"More deadly violence occurred north and south of Baghdad as insurgents appeared intent on sending a message to US and Iraqi officials that their recent expressions of confidence in the nation's security were premature", the November 24 Los Angeles Times reported, adding that the attacks were "marked by hits on targets that lately had escaped attack".
The LA Times reported that the attacks "included mortar rounds fired into the Green Zone, the fortified enclave in Baghdad that houses the US embassy and most Iraqi government buildings. Ten rounds were fired into the Green Zone on Thursday [November 22], the first such barrage since summer, when bombardments occurred almost daily."
The US military claims that its 30,000 troop "surge", which took total US troop numbers in Iraq to 168,000 in June, has "succeeded" in reducing "violent attacks" in Baghdad by at least 50% since the beginning of the year.
According to Washington's puppet Iraqi government, 758 Iraqi civilians died violent deaths in October, compared with 1315 in October 2006. However, the November 2 Washington Post reported that an unofficial tally by the Iraqi health ministry showed that 1448 Iraqi civilians had died violent deaths this October.
Reuters reported on November 28 that a survey by the Washington-based Pew Research Centre had found that 79% of US journalists working in Iraq "said they believe violence and the threat of violence have increased during their tenures. Much of the danger for journalists is faced by local Iraqis, who often do most of the reporting outside Baghdad's heavily fortified Green Zone, the data showed."
"Above all, the journalists — most of them veteran war correspondents — describe conditions in Iraq as the most perilous they have ever encountered", Pew Research said in a report that accompanied the data.
On November 24, the US military blamed an "Iranian-backed" Shiite militia cell for a bombing in a Baghdad market the previous day that killed 15 people — the deadliest attack in the heart of the capital in more than two months.
"Based on subsequent confessions, forensics and other intelligence, the bombing was the work of an Iranian-backed special groups cell operating here in Baghdad", US Rear Admiral Gregory Smith told reporters. He also said Shiite "special groups" were believed responsible for a series of rocket and mortar attacks against US bases in eastern Baghdad on November 18.

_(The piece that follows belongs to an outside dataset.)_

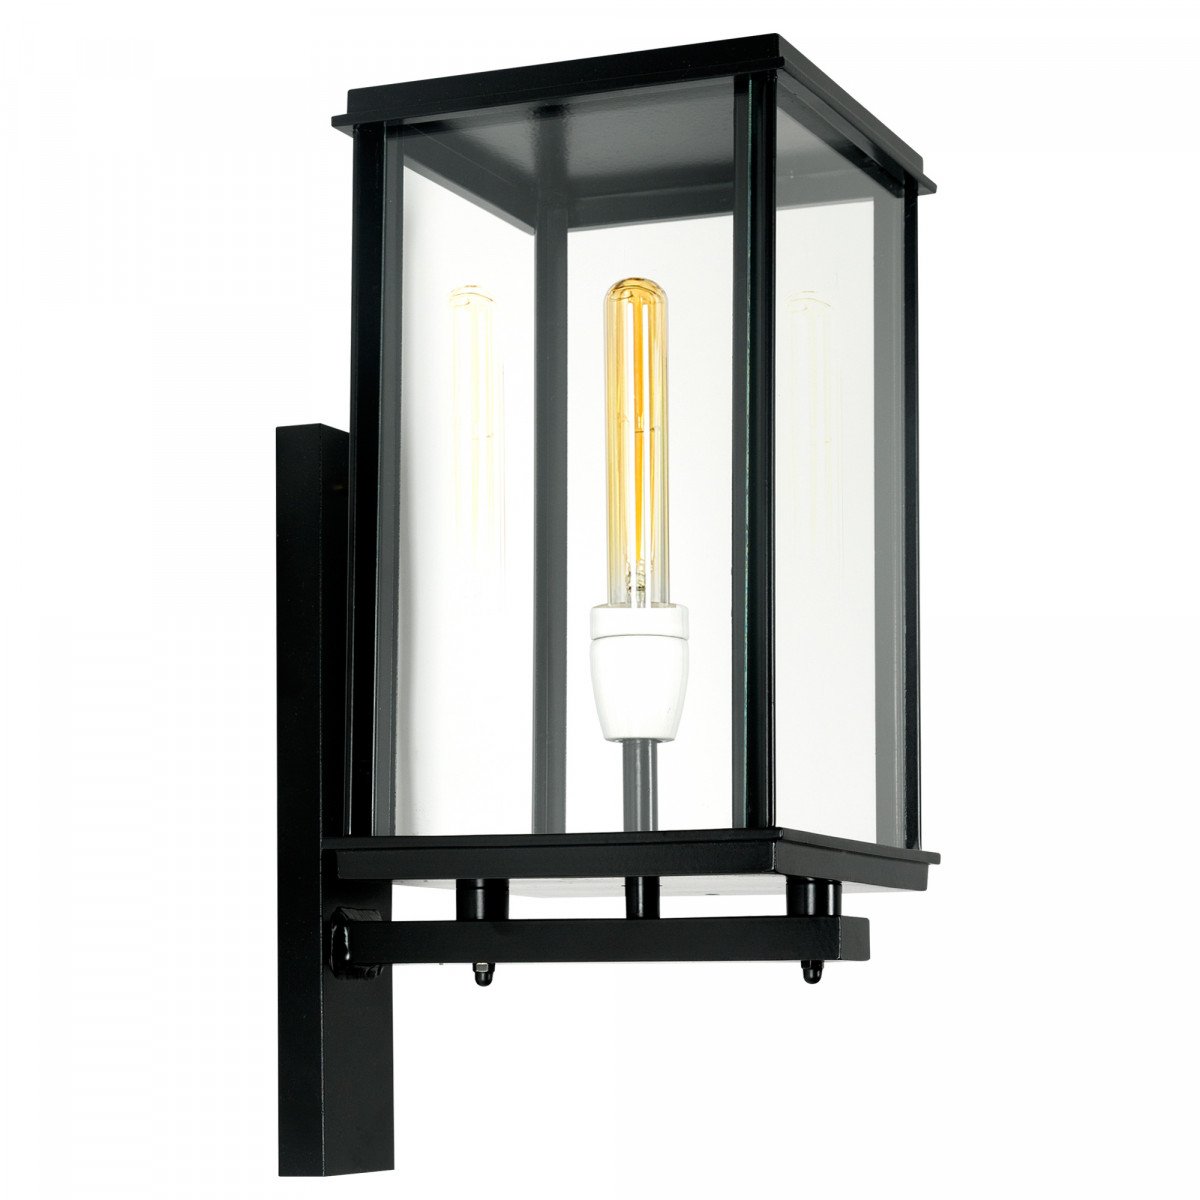 Stylish vitrine outdoor wall light from KS outdoor lighting company
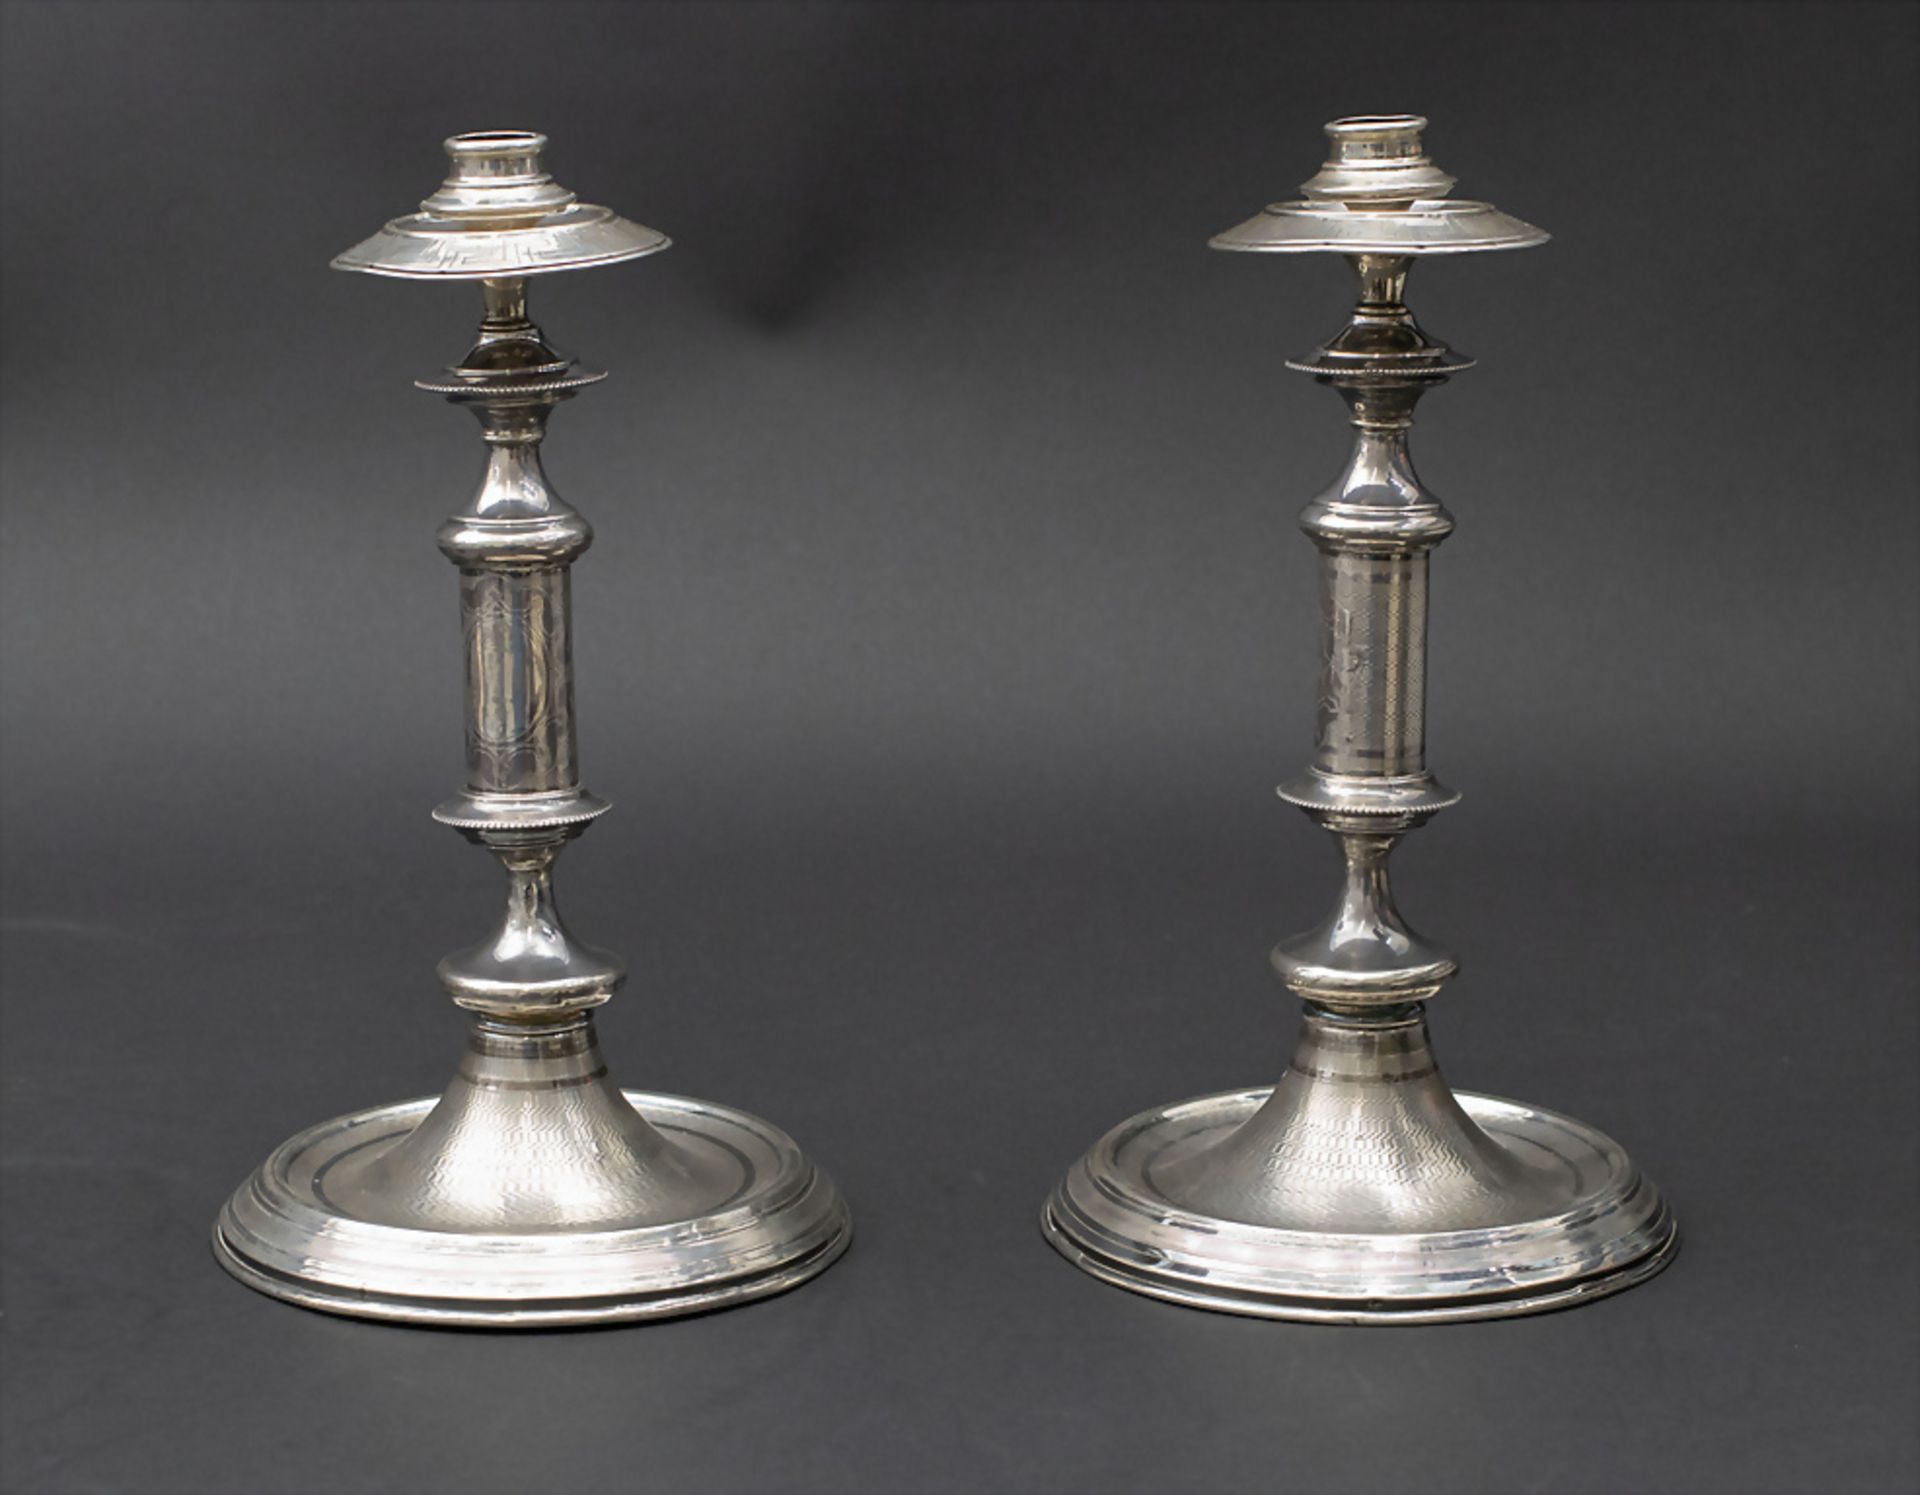 Paar Silberleuchter / A pair of silver candlesticks, Carreras, Barcelona, 19. Jh.

Market bombings have typically been conducted by the Sunni fundamentalist Al Qaeda in Iraq (AQI) group, often targeting Shiites. But as part of their effort to build public support for a future invasion of oil- and gas-rich Iran, US officials have accused Iran for months now of arming and training Iraqi Shiite militia groups to attack US troops. Prior to that, US officials blamed the "foreign fighters" of AQI for most of the violence in Iraq.
The November 22 New York Times reported that "Saudi Arabia and Libya, both considered allies by the United States in its fight against terrorism, were the source of about 60 percent of the foreign fighters who came to Iraq in the past year to serve as suicide bombers or to facilitate other attacks ...
"The data come largely from a trove of documents and computers discovered in September, when American forces raided a tent camp in the desert near Sinjar, close to the Syrian border. The raid's target was an insurgent cell believed to be responsible for smuggling the vast majority of foreign fighters into Iraq.
"The most significant discovery was a collection of biographical sketches that listed hometowns and other details for more than 700 fighters brought into Iraq since August 2006 ...
"Saudis accounted for the largest number of fighters listed on the records by far — 305, or 41 percent — American intelligence officers found as they combed through documents and computers in the weeks after the raid ...
"Libyans accounted for 137 foreign fighters, or 18 percent of the total ... According to the rosters found in the raid, the third-largest source of foreign fighters was Yemen, with 68. There were 64 from Algeria, 50 from Morocco, 38 from Tunisia, 14 from Jordan, 6 from Turkey and 2 from Egypt."
The NYT noted that the records "underscore how the insurgency in Iraq remains both overwhelmingly Iraqi and Sunni ... In contrast to the comparatively small number of foreigners, more than 25,000 inmates are in American detention centers in Iraq. Of those, only about 290, or some 1.2 percent, are foreigners, military officials say. They contend that all of the detainees either are suspected of insurgent activity or are an 'imperative threat' to security." Four-fifths of the detainees are Sunnis.